Recorded data:
=======

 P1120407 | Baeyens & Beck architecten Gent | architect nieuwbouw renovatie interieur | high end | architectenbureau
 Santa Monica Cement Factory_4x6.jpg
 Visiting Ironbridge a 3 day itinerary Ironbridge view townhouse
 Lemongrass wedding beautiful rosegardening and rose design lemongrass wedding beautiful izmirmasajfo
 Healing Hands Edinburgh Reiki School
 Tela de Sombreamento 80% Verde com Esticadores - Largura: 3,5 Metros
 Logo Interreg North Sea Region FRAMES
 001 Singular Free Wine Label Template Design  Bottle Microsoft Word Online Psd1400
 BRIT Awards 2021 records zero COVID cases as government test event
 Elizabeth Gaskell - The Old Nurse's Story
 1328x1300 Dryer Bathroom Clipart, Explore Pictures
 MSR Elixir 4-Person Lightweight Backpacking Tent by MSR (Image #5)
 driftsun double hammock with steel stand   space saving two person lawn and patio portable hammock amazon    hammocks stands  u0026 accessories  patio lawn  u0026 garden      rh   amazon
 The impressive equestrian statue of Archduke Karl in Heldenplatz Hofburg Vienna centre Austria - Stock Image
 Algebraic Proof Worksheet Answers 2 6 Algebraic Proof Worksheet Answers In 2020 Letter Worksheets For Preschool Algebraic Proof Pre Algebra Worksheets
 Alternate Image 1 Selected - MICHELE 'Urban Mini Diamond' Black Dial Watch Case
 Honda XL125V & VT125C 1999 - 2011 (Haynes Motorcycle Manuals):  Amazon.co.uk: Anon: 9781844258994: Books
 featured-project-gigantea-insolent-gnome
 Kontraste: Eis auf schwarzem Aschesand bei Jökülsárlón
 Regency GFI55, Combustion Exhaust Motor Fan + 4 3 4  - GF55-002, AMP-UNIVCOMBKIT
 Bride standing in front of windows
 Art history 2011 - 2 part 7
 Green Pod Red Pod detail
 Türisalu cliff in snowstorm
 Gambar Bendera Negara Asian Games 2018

=======

Pull every line with the string "Image" from the data above.

 MSR Elixir 4-Person Lightweight Backpacking Tent by MSR (Image #5)
 The impressive equestrian statue of Archduke Karl in Heldenplatz Hofburg Vienna centre Austria - Stock Image
 Alternate Image 1 Selected - MICHELE 'Urban Mini Diamond' Black Dial Watch Case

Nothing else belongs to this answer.